* [Data extract]
++++++++
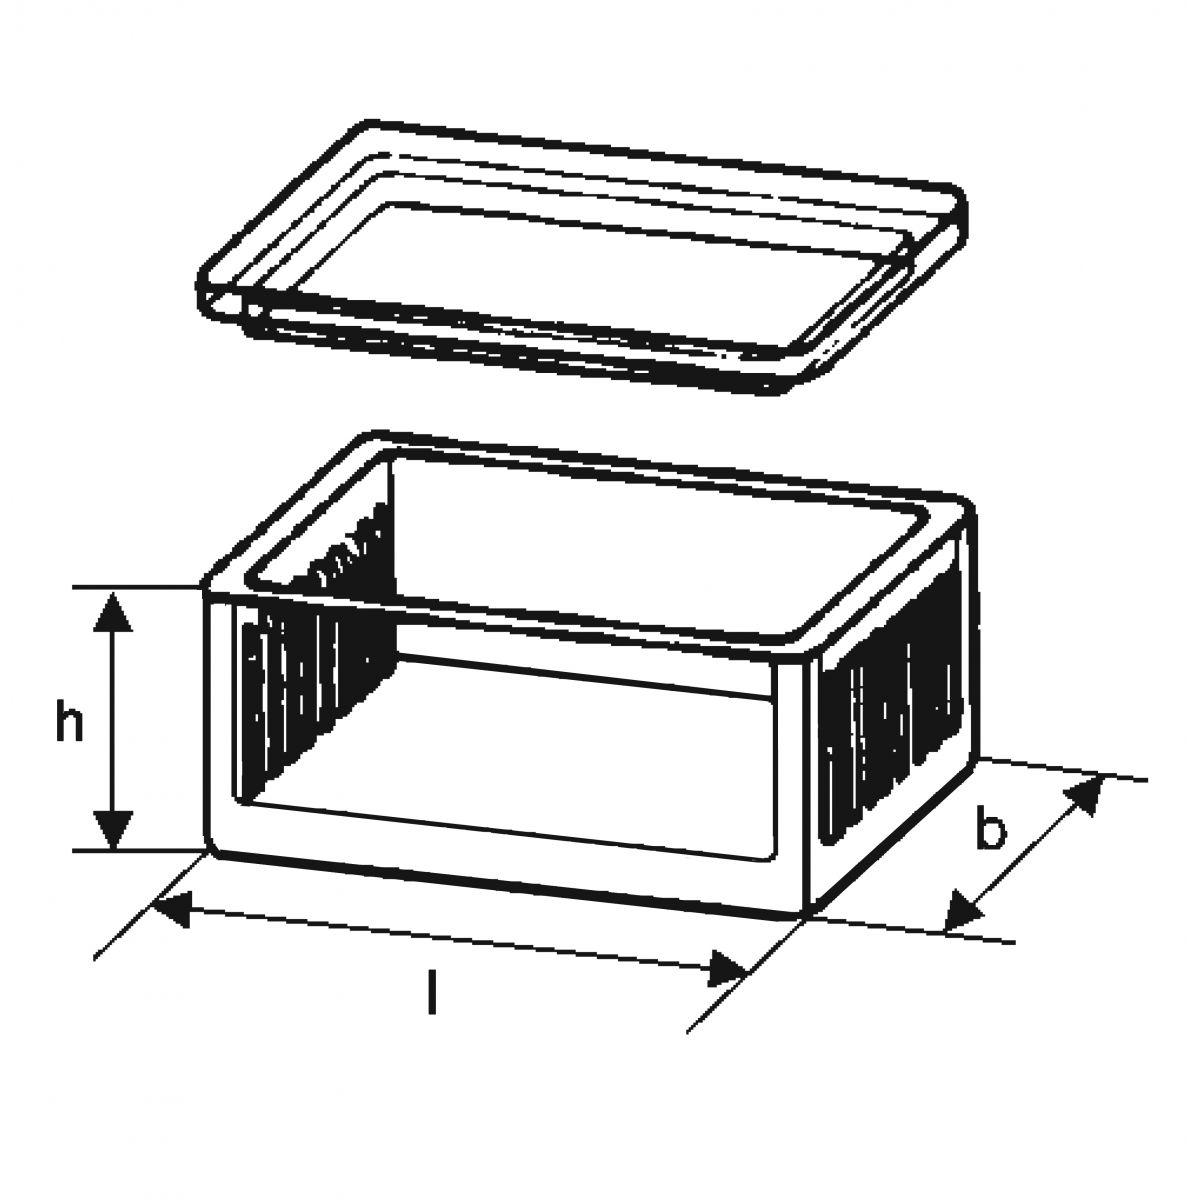 Cuba de vidro forma baixa com tampa horizontal para 8 lâminas  - loja.laborglas.com.br
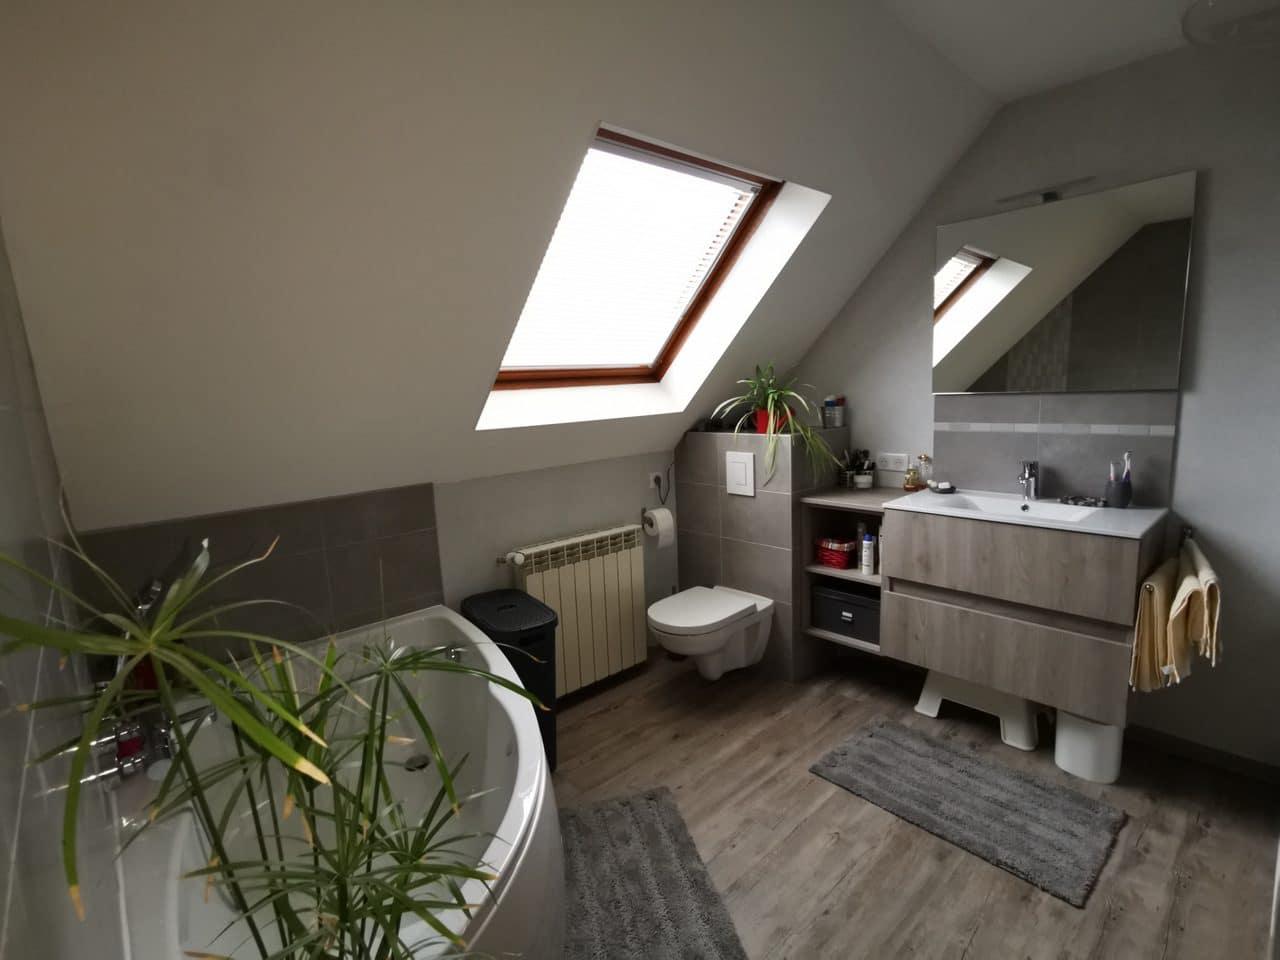 Rénovation de salle de bain à Eckbolsheim près de Strasbourg
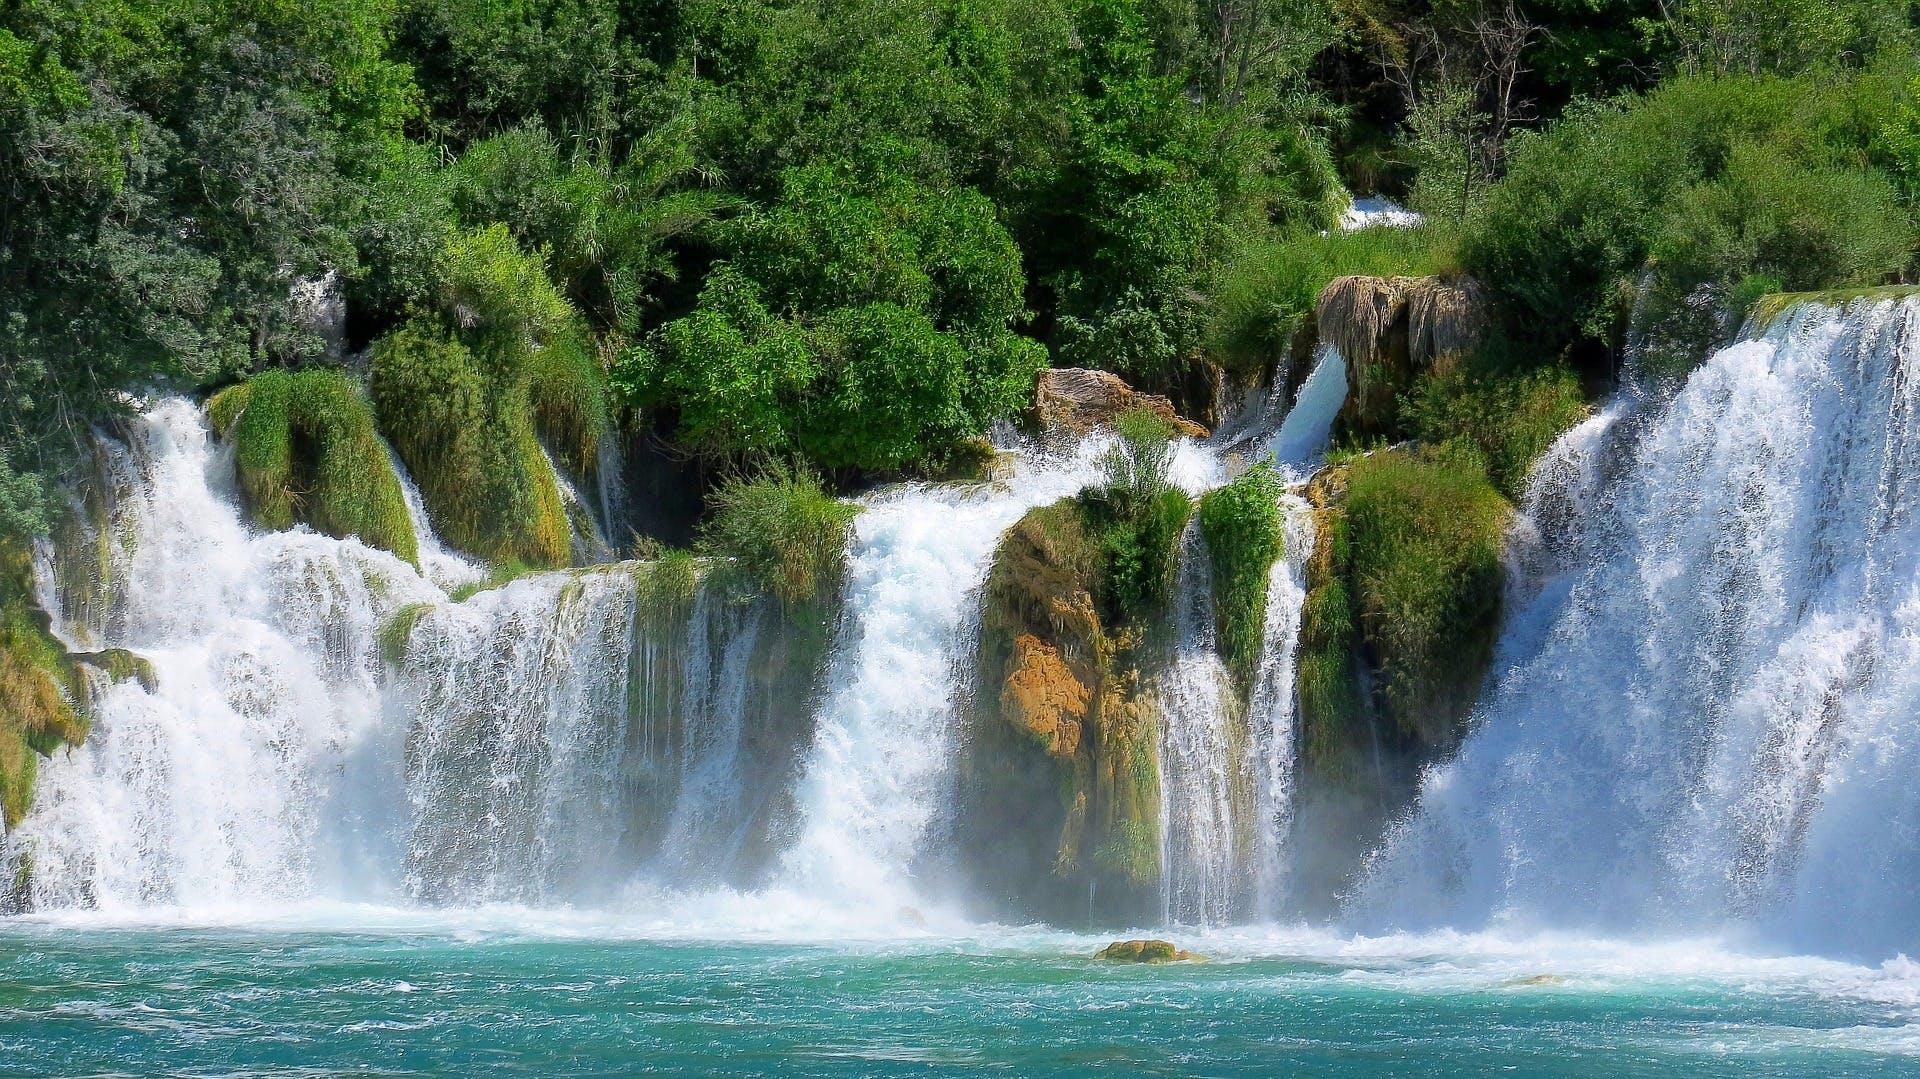 Ver la ciudad,Actividades,Visitas en barco o acuáticas,Actividades acuáticas,Excursión a Krka
++++++++
* [To do] The expected answer is an unaltered copy of the listing, images removed.

* [Expected output]
 Cuba de vidro forma baixa com tampa horizontal para 8 lâminas  - loja.laborglas.com.br
 Rénovation de salle de bain à Eckbolsheim près de Strasbourg
 Ver la ciudad,Actividades,Visitas en barco o acuáticas,Actividades acuáticas,Excursión a Krka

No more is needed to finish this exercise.